A strong, branded LinkedIn Summary should describe the results of your work and show that you’re ready for the next step in your career.

2. Shorten Text for Readability on LinkedIn

LinkedIn users, like most consumers of online content, respond better to short, concise sentences with plenty of white space. Rather than using all of the text from your resume, you’ll get better results if you condense it, enabling employers to quickly review your Profile for the right skills.

For example, the resume sentence “Grew account volume 32% with new alliance-building strategy, created sales education webinar series, and hired 24 sales executives for national account support” can be transformed into:

– 32% more accounts from alliance-building strategy
– Superior customer service from 24 sales hires trained via new webinars

As you condense your message into tightly written sentences, you’ll find it easier to concentrate on keywords and quantifiable evidence of your talents. As you will see from the next tip, it’s also important to incorporate a strong mix of keywords into each section on LinkedIn.

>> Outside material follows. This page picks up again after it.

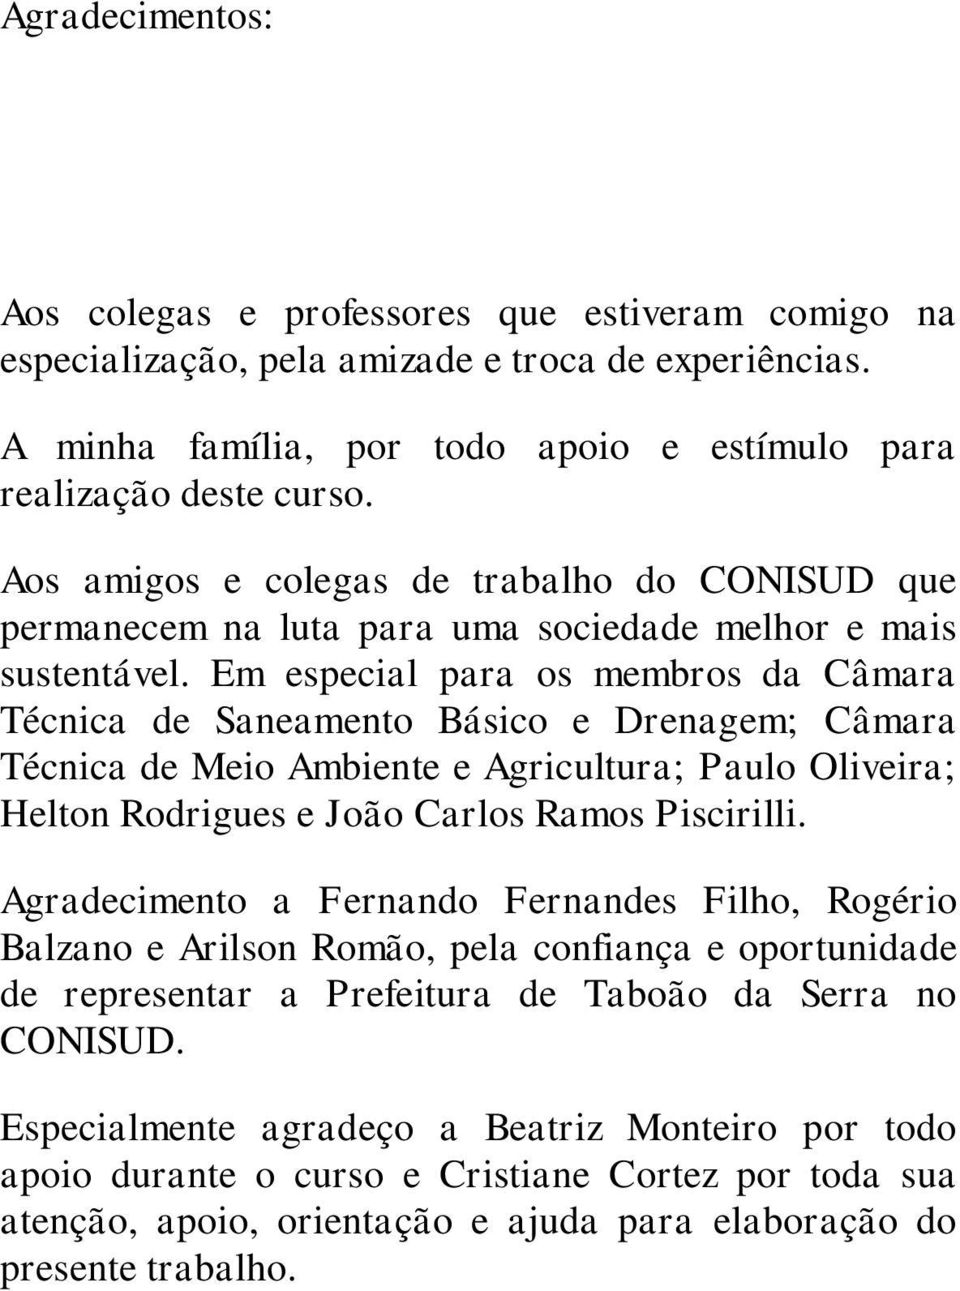 Em especial para os membros da Câmara Técnica de Saneamento Básico e Drenagem; Câmara Técnica de Meio Ambiente e Agricultura; Paulo Oliveira; Helton Rodrigues e João Carlos Ramos Piscirilli.

3. Add More Keywords for Stronger Reception From Employers

Many resumes include long job description and achievement sentences, which are helpful during your interviews. However, you’ll get more attention when you trim these details and strengthen your keyword content on LinkedIn. When you populate your Profile with the right mix of keywords, you can be found and recruited more easily.

For example, employers who seek a Sales leader might look for Contract Negotiations, Salesforce, Lead Generation, or Business Development, while those who want to hire a VP of IT could be looking for Infrastructure, Project Management, or IT Operations.

Take a look at the job descriptions for positions that interest you, and make a list of desired skills that match your expertise. Next, blend these terms in with your experience and use these throughout your LinkedIn Profile.

These examples show how the keywords turnaround, Six Sigma, operations, manufacturing, sales pipeline, consultative sales, and patient care quality are blended into brief success stories for a senior executive, sales candidate, and healthcare leader:

Executed swift manufacturing plant turnaround by increasing operations productivity 32% and bringing in Lean Six Sigma techniques.

Grew sales pipeline 15% in first 30 days using consultative sales techniques.

Set safety-first mandate across ABC Hospital, resulting in patient care quality improvements and high satisfaction rates.

In summary, even a well-written resume isn’t social media-ready – until you’ve taken these actions to tune it for reading and employer searchability on LinkedIn.